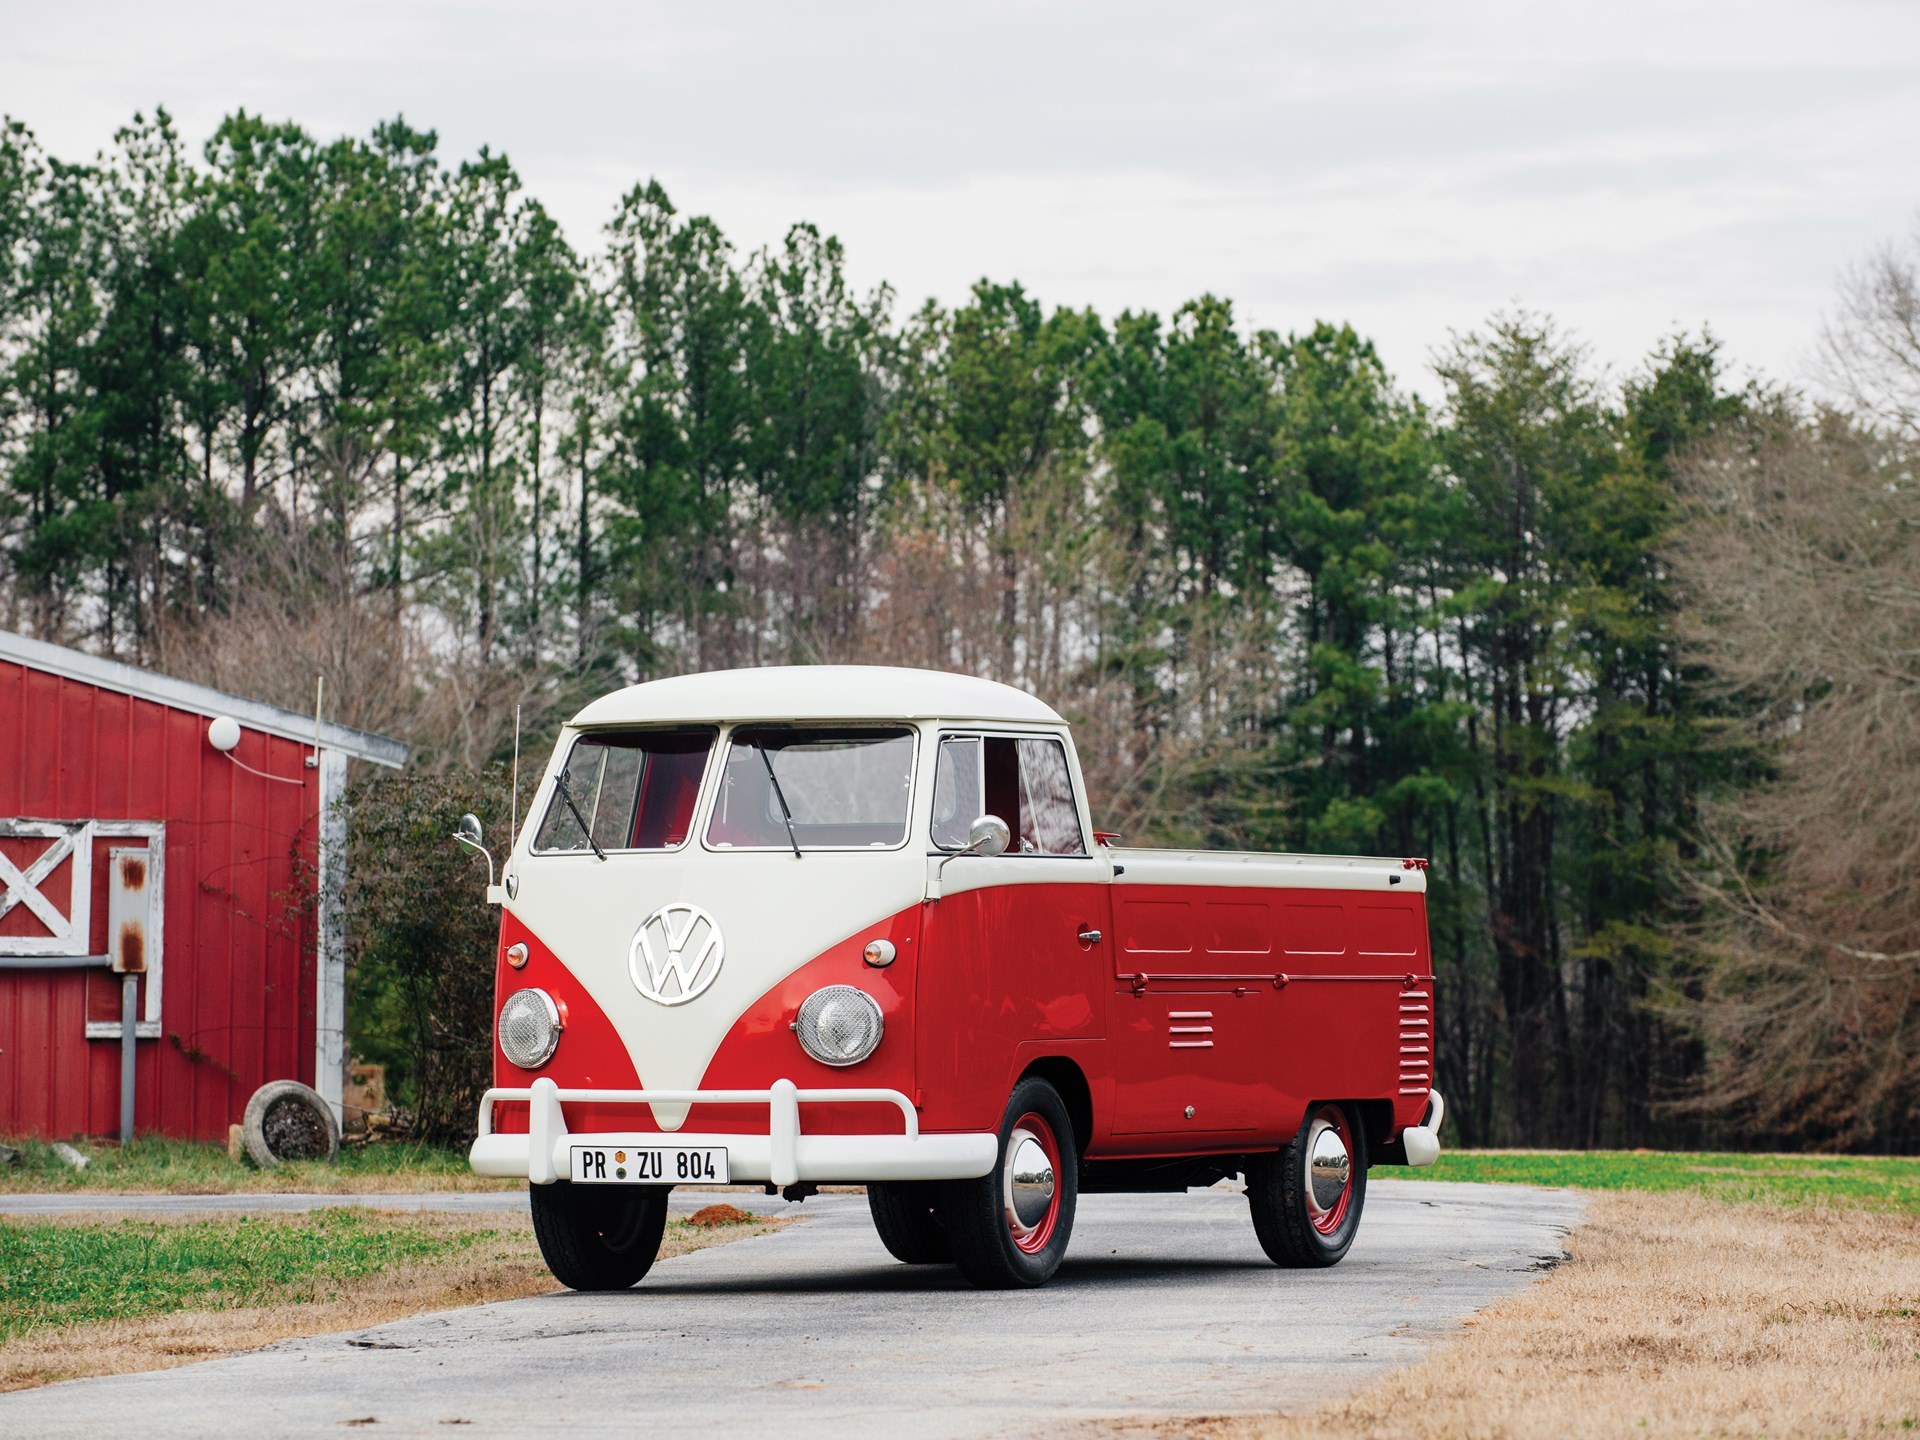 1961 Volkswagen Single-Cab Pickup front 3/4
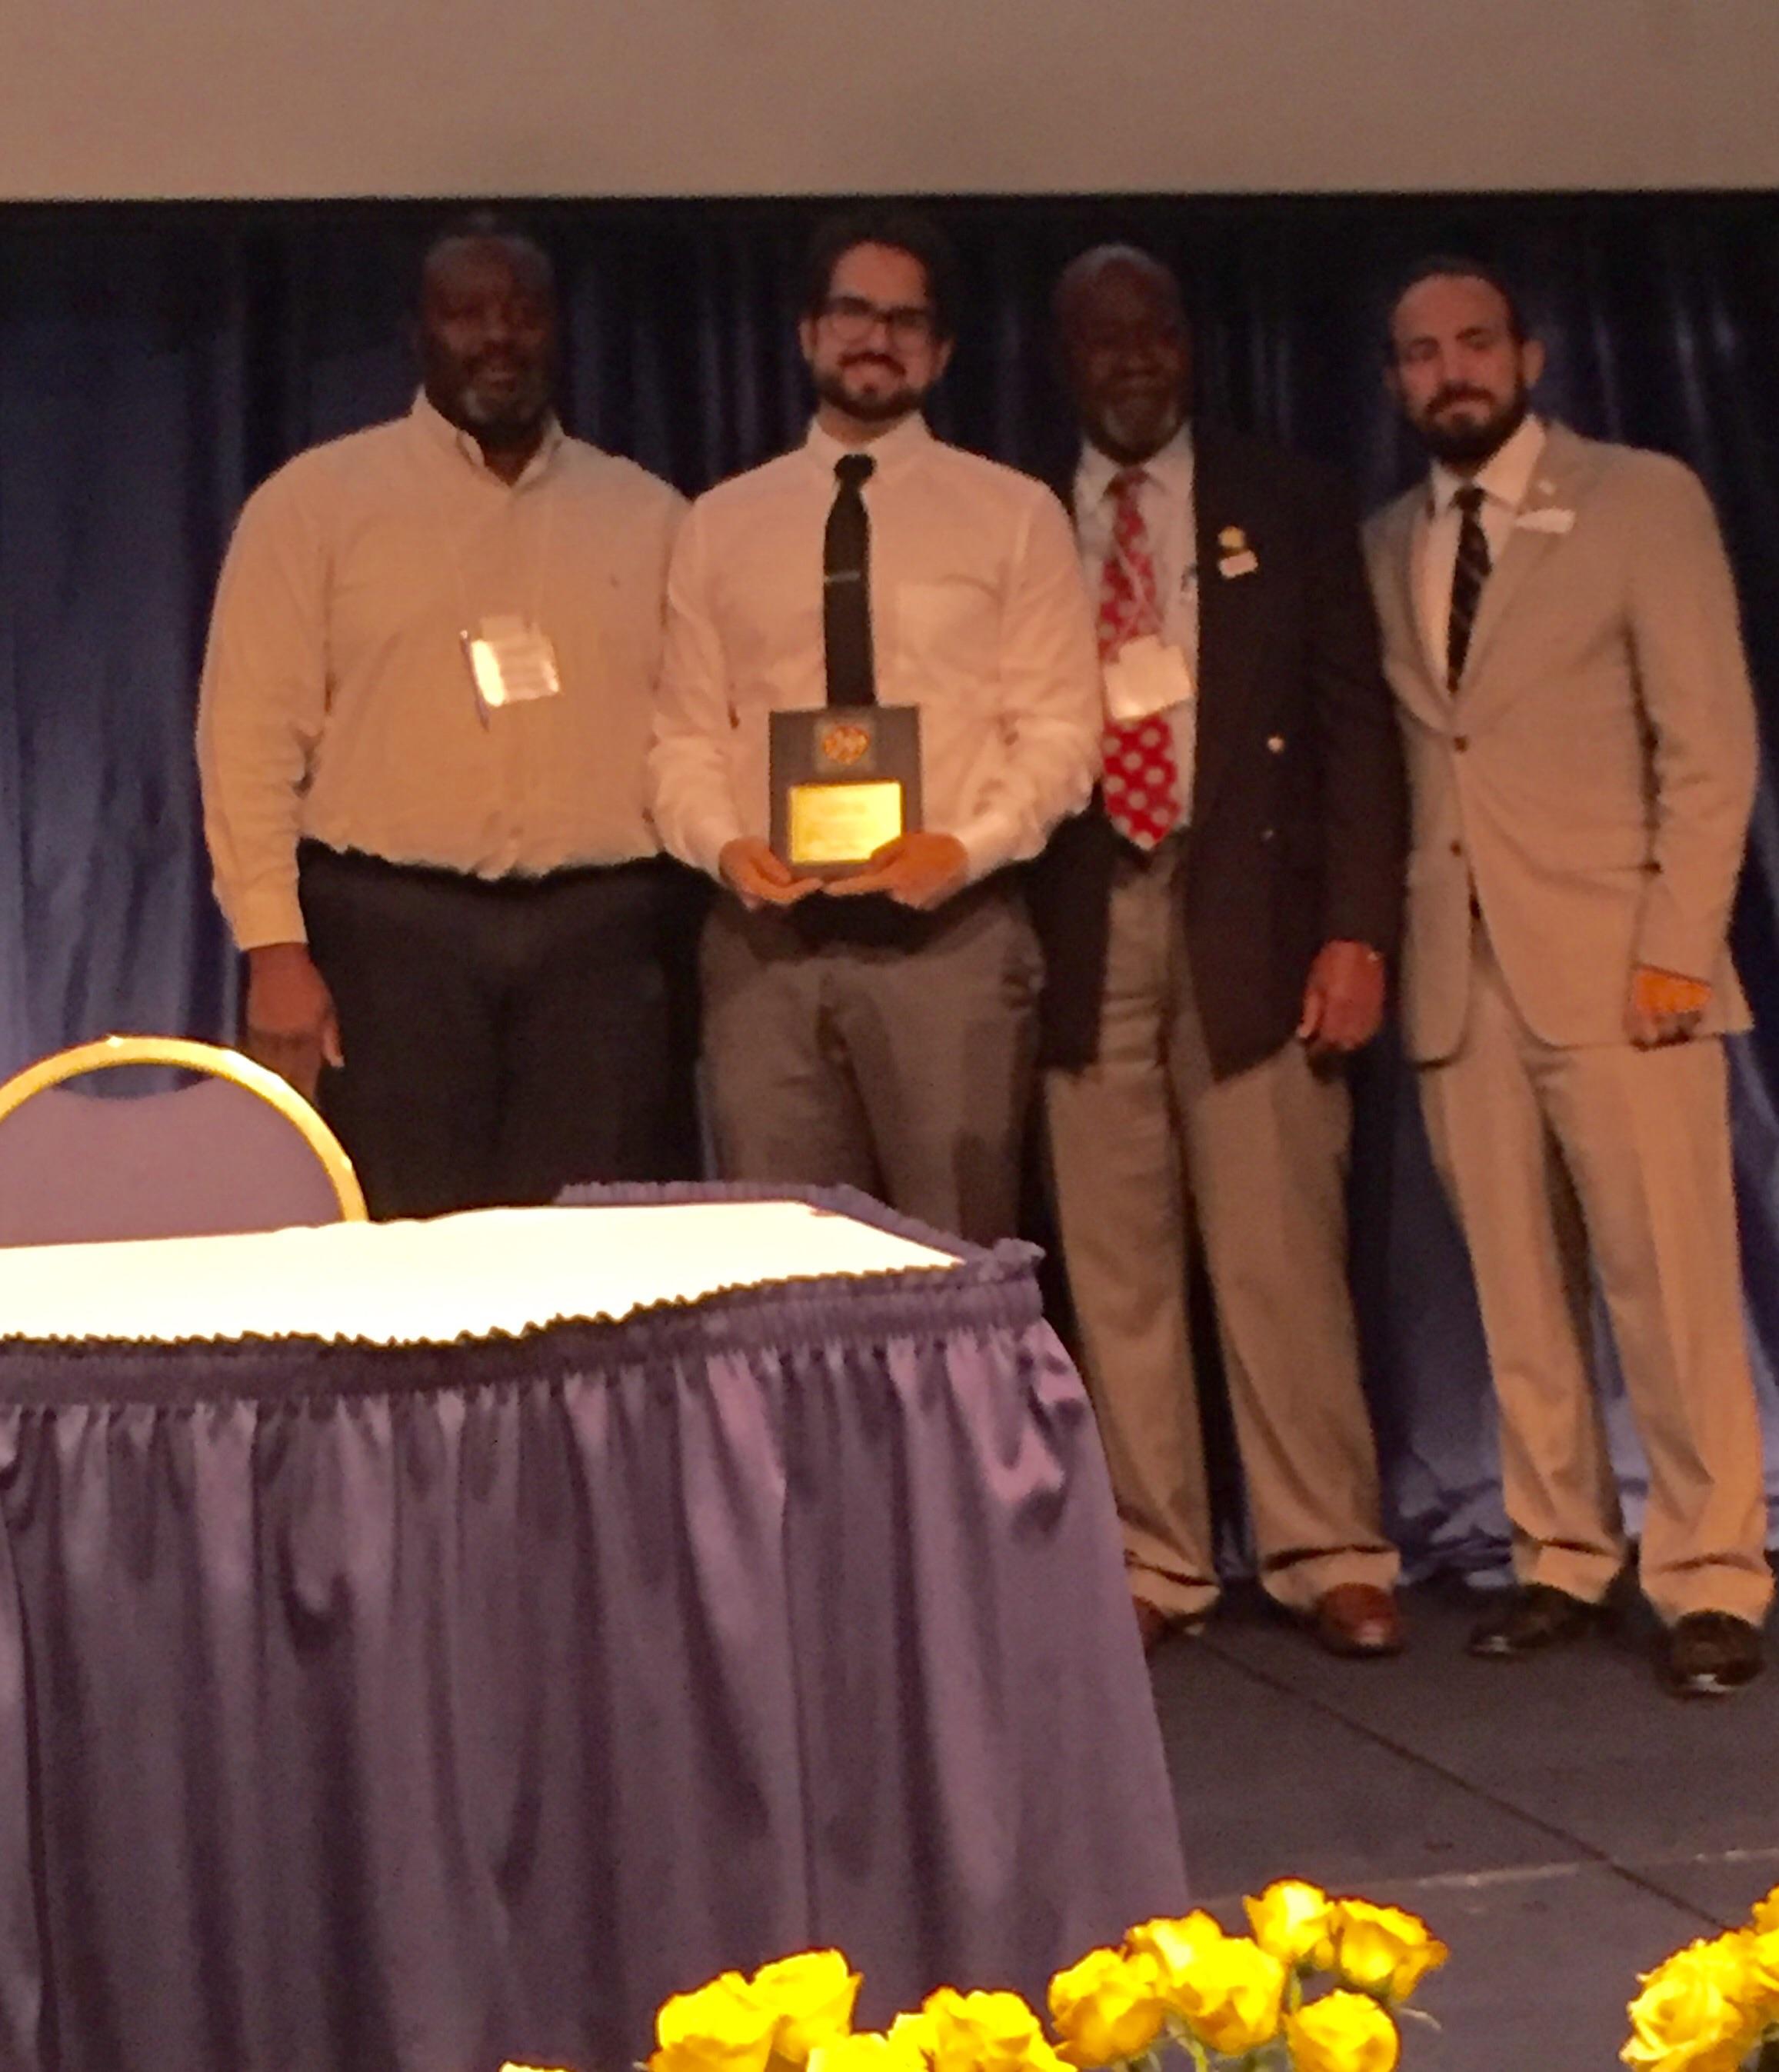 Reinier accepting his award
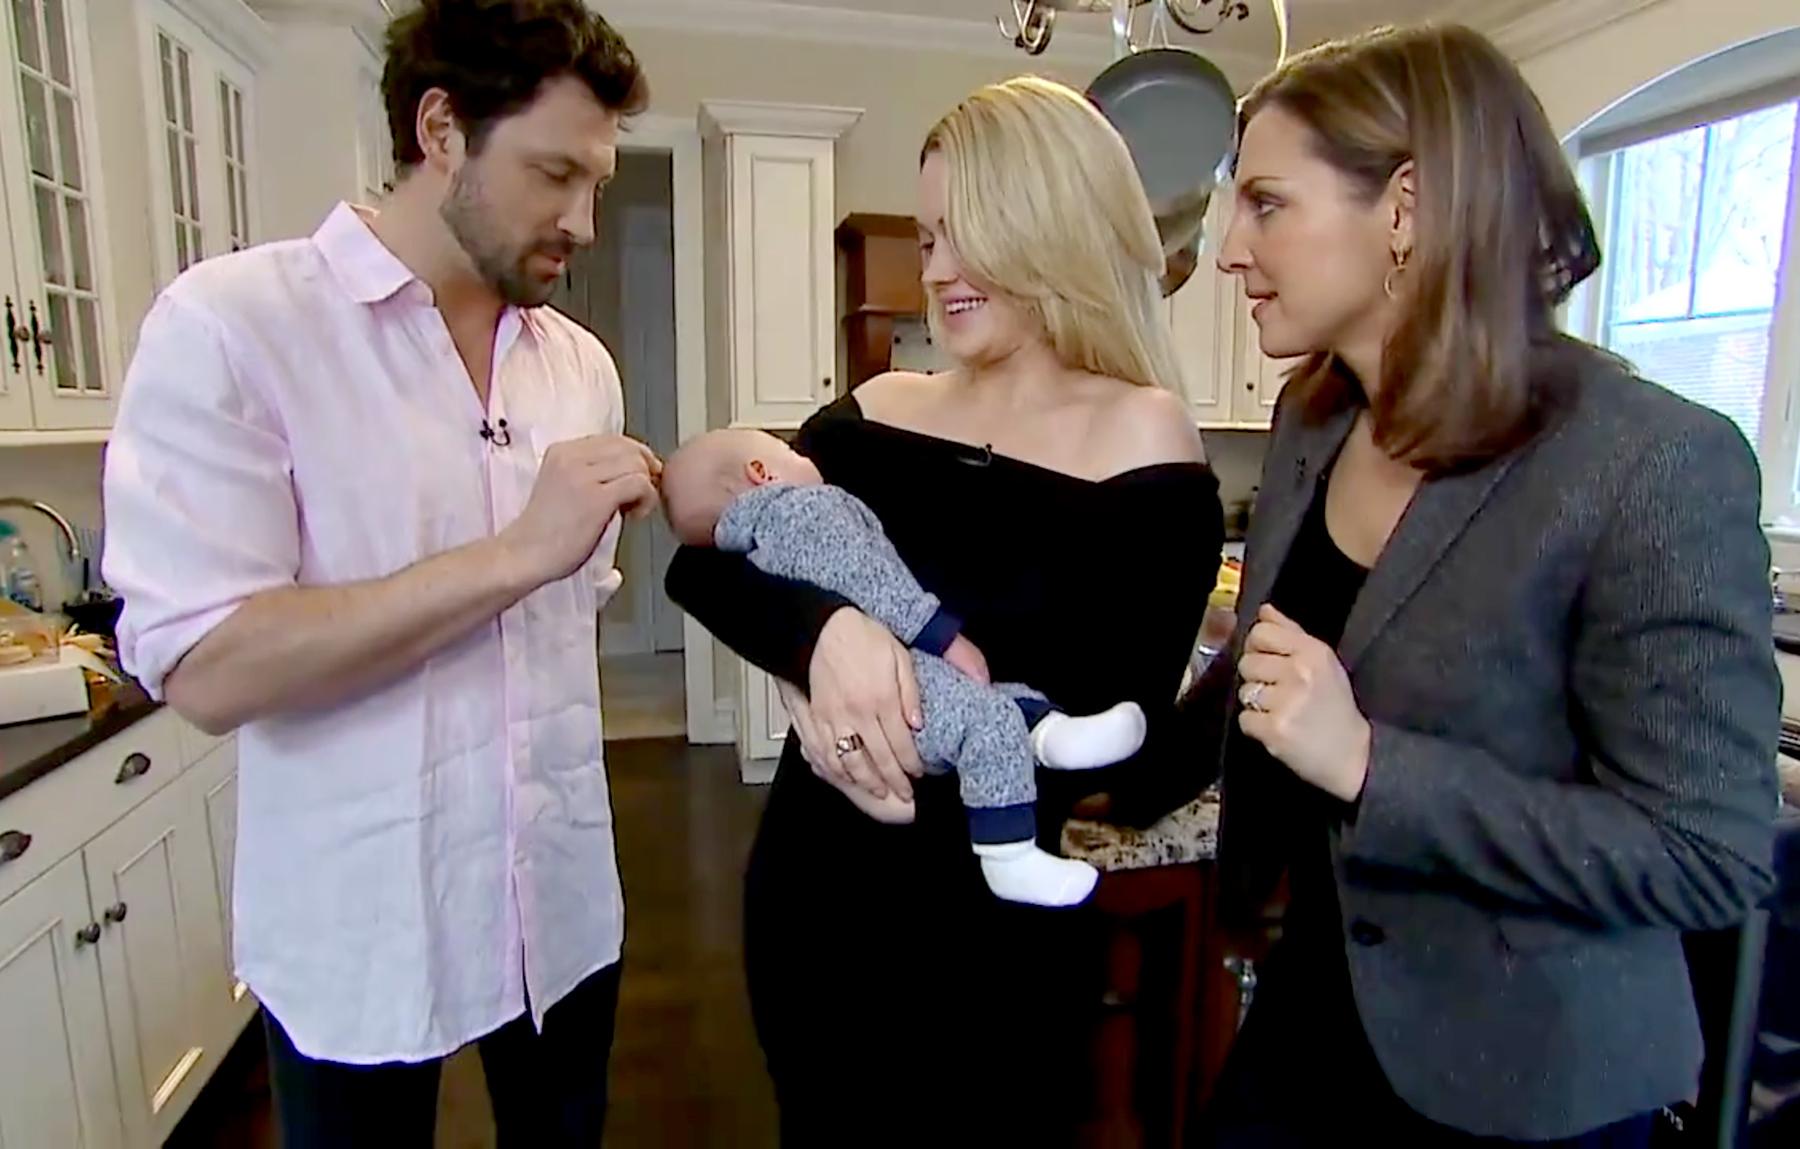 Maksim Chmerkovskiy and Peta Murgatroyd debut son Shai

ASSIGNMENT: Would you restate, word for word, the lines from the one holding "Reinier accepting his award" through the end of the material above? Omit the pictures.

SOLUTION BELOW:
 Reinier accepting his award
 Maksim Chmerkovskiy and Peta Murgatroyd debut son Shai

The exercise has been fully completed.